LZSSE and Lizard · Aras’ web site
Introduction and index of this sequence is here.
Some folks requested whether or not I’ve examined LZSSE or Lizard.
I’ve not! However I’ve been conscious of them for years. So right here’s a brief publish, testing them on “my” knowledge set. Be aware that no less than at the moment
each of those compressors don’t appear to be actively developed or up to date.
LZSSE and Lizard, with out knowledge filtering
Right here they’re on Home windows (VS2022, Ryzen 5950X). Additionally included Zstd and LZ4 for comparability, as faint dashed traces:
For LZSSE I’ve examined LZSSE8 variant, since that’s what readme tells to usually use.
“Zero” compression degree right here is the “quick” compressor; different ranges are the “optimum” compressor.
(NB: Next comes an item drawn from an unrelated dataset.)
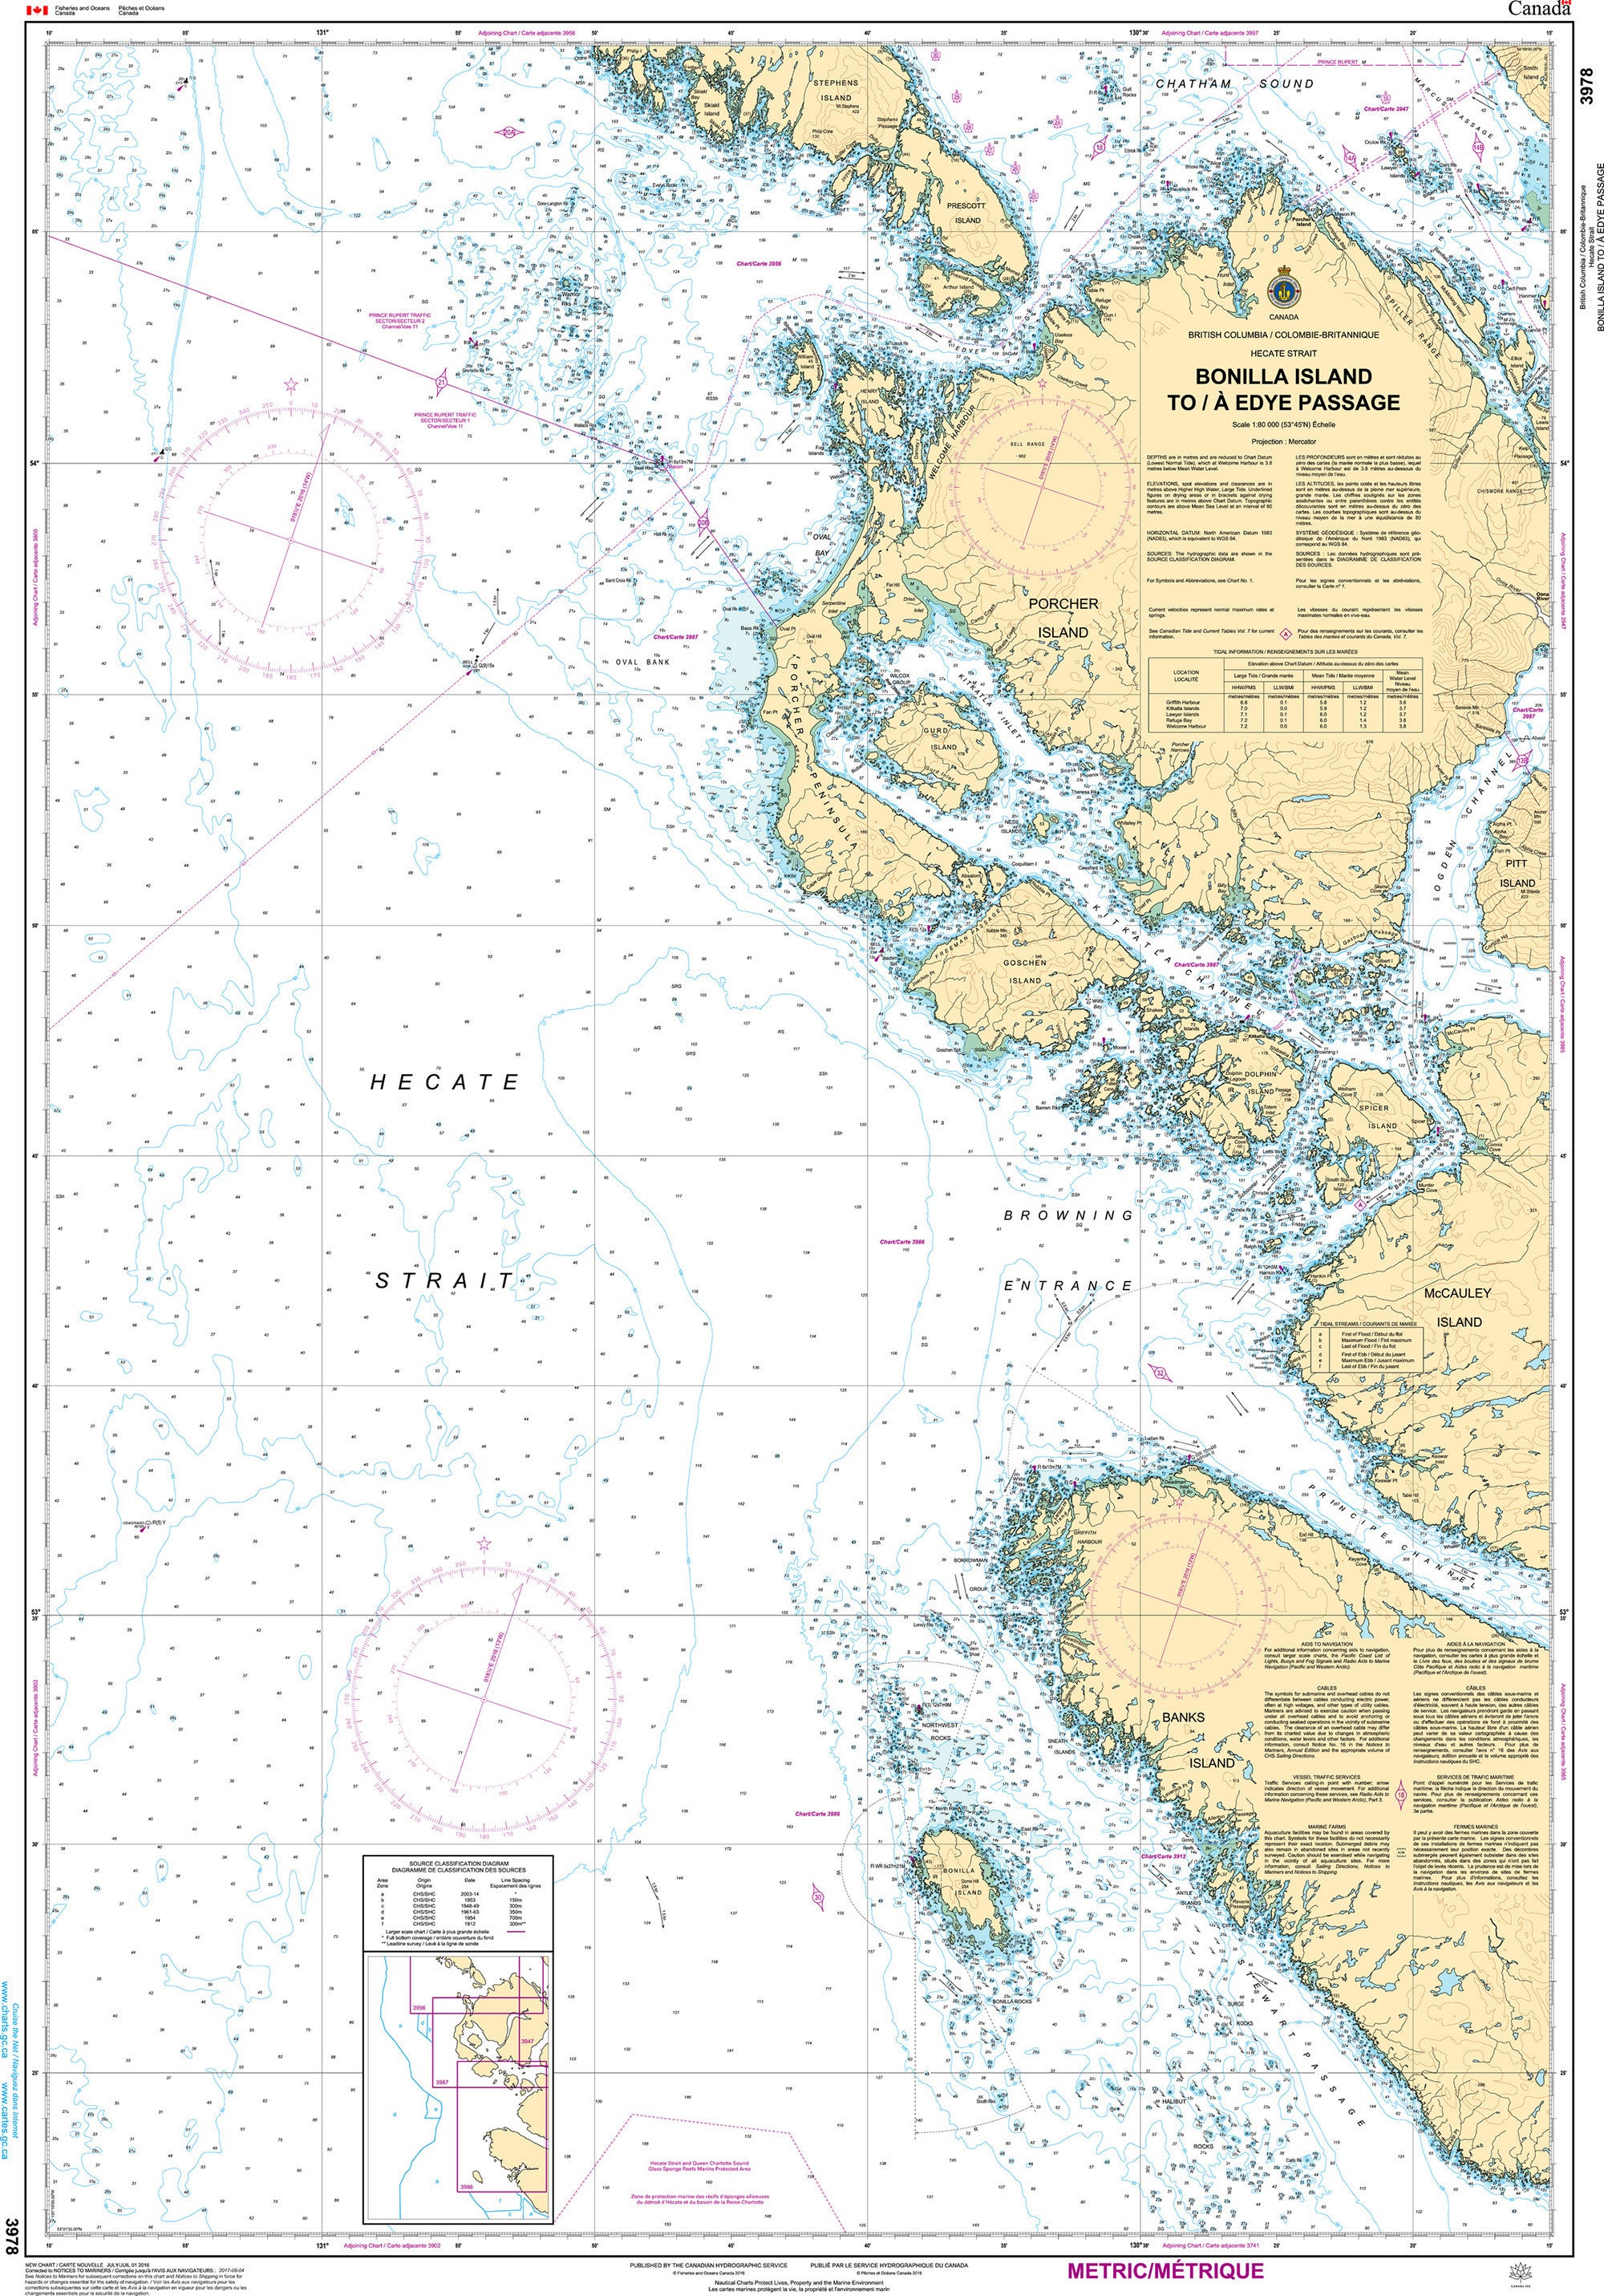 Canadian Hydrographic Service Nautical Chart CHS3978: Bonilla Island to/à Edye Passage

Compression ranges past 5 appear
to not purchase a lot ratio, however get a lot slower to compress. On this machine, on this knowledge set, it doesn’t look competetive –
compression ratio is similar to LZ4; decompression a bit slower, compression lots slower.
For Lizard (née LZ5), it truly is like 4 totally different compression algorithms in there
(fastLZ4, LIZv1, fastLZ4 + Huffman, LIZv1 + Huffman). I’ve not examined the Huffman variants since they can’t co-exist with Zstd
in the identical construct simply (image redefinitions). The fastLZ4 is proven as lizard1x
right here, and LIZv1 is proven as lizard2x
.
lizard1x
(i.e. Lizard compression ranges 10..19) appears to be just about the identical as LZ4. Perhaps it was sooner than LZ4 again in
2019, however since then LZ4 gained some efficiency enhancements?
lizard2x
is attention-grabbing – higher compression ratio than LZ4, a bit slower decompression velocity. Within the center between Zstd and LZ4
in relation to decompression parameter area.
What about Mac?
The above charts are on x64 structure, and Visible Studio compiler. How a couple of Mac (with a Clang compiler)? However first, we’d like
to get LZSSE working there, since it is extremely a lot written with uncooked SSE4.1 intrinsics and no fallback or different platform paths.
Fortunately, simply dropping a sse2neon.h into the undertaking and doing a
tiny change in LZSSE supply make it simply work on an Apple M1 platform.
With that out of the way in which, right here’s the chart on Apple M1 Max with Clang 14:
Right here lzsse8
and lizard1x
do get forward of LZ4 when it comes to decompression efficiency. lizard1x
is about 40% sooner than LZ4 at
decompression on the similar compression ratio. LZSSE is “a bit” sooner (however compression efficiency continues to be lots slower than LZ4).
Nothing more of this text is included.